The virtual-only solutions help solve steerage in some regards, but do not have any specialists to escalate to when the patient is not appropriate for physical therapy, nor when the patient is not improving as would be expected. These supposed “full MSK solutions” usually ignore post-operative care and are led by health coaches, not true licensed MSK specialists 

This is the year that one or two of these companies (Hinge and Sword) will likely try to go public – allowing the public to finally see behind the curtain. Kaia has nearly given up on the U.S. market, retreating to Germany where they have a stronghold and are thriving. Optum will likely become the majority or sole owner of the U.S. virtual-only market. Cigna has barely used Recovery One, and the Blues are becoming a bit disenfranchised with Hinge who is starting to look for provider partners. Sword is focusing on D2C models as well. For more information, contact Tim Hedke.

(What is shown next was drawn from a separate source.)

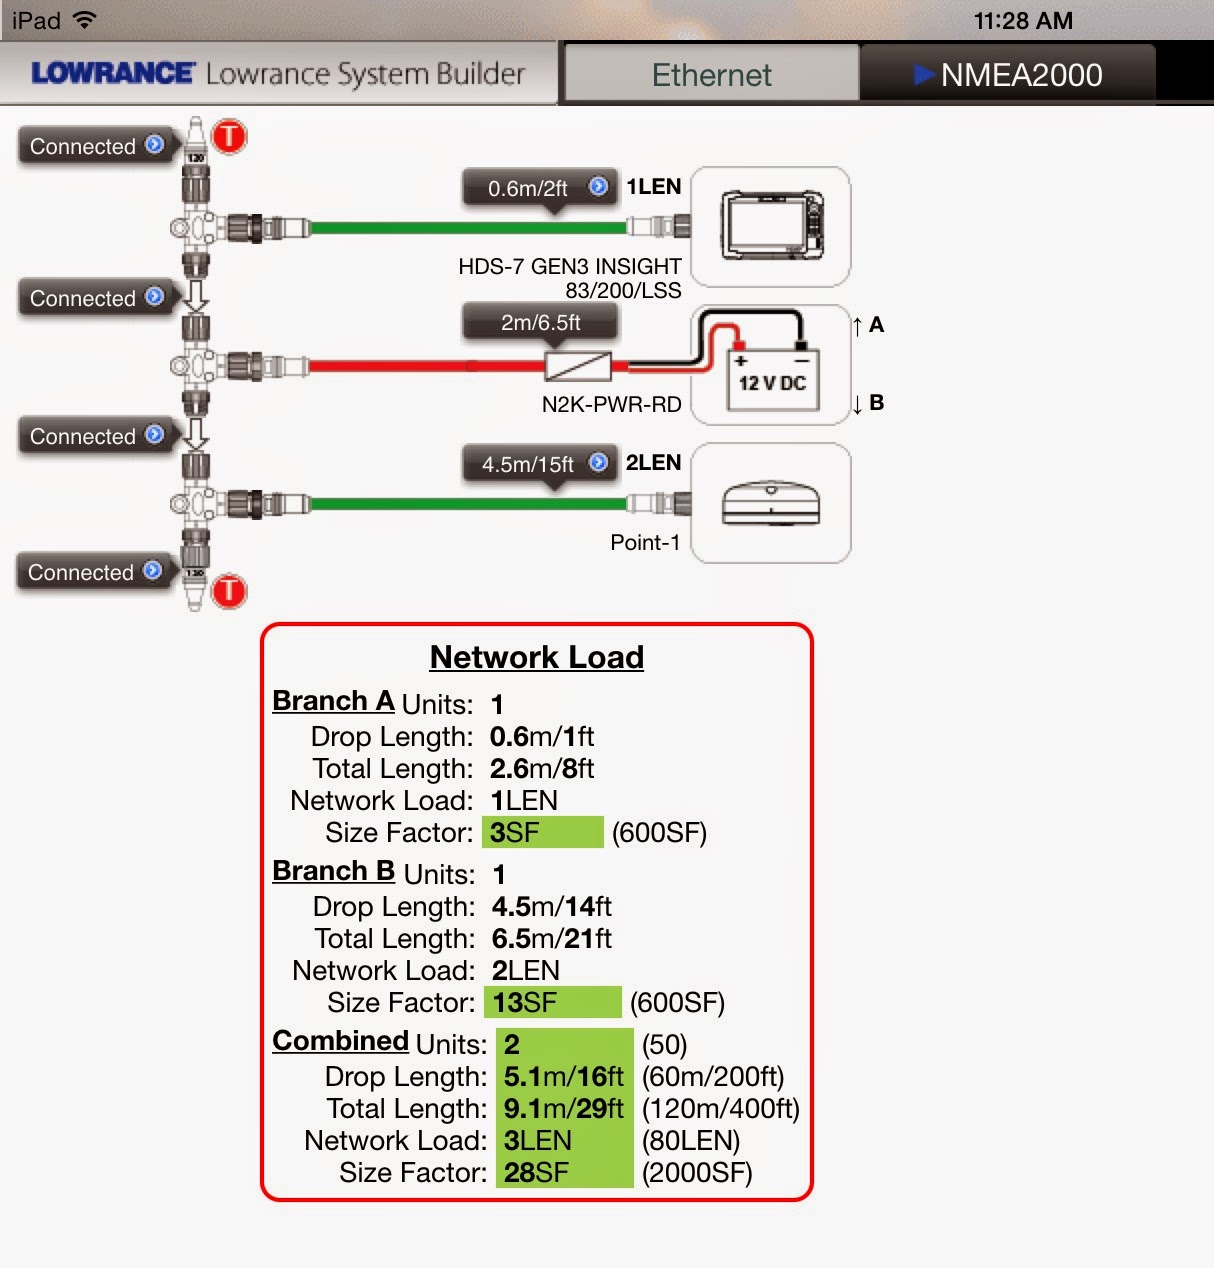 lowrance networking diagrams

Employers Re-Evaluating Their Purchases 

Employer plans are re-evaluating the single-point point solutions they have purchased and are assessing if there is any true ROI. This year will be a bit of a reset, as current digital MSK providers will likely be pushed aside for alternative or more inclusive solutions. More well-rounded companies like Omada, are taking big steps with payers and employers as a multi-point solution, but still lack any real touch point with the specialist markets when conservative care management has failed. Once the patients get out of the digital world and into the “regular healthcare system” navigating to find a specialist is when the actual costs occur, and the proposed savings of these digital-only solutions are really exposed.  

The Digital Front Door 

Many companies in the space are focusing on transparent pricing– not by procedure code but by bundle of care. Companies like Ouch, Hatch and others are trying to steer patients into orthopedic practices. They market to digitally minded potential patients. Other in-network and value-based contract providers like Carrum and Nimble are focusing on steering patients to the right providers through care navigators. For more information, contact Tim Hedke.

Value-Based Care and Direct-to-Employer Solutions 

Value-based care and direct-to-employer self-funded care solutions are similar aimed at: 

  • reducing costs 
  • making costs more transparent 
  • increasing accessibility and quality of care 
  • focusing on member satisfaction and outcomes. 

These two models will become more prevalent with successful MSK practices. Digital physical therapy, brick and mortar physical therapy, care navigation, and orthopedic surgeons all play a role in this model and must work together for the true magic to happen. 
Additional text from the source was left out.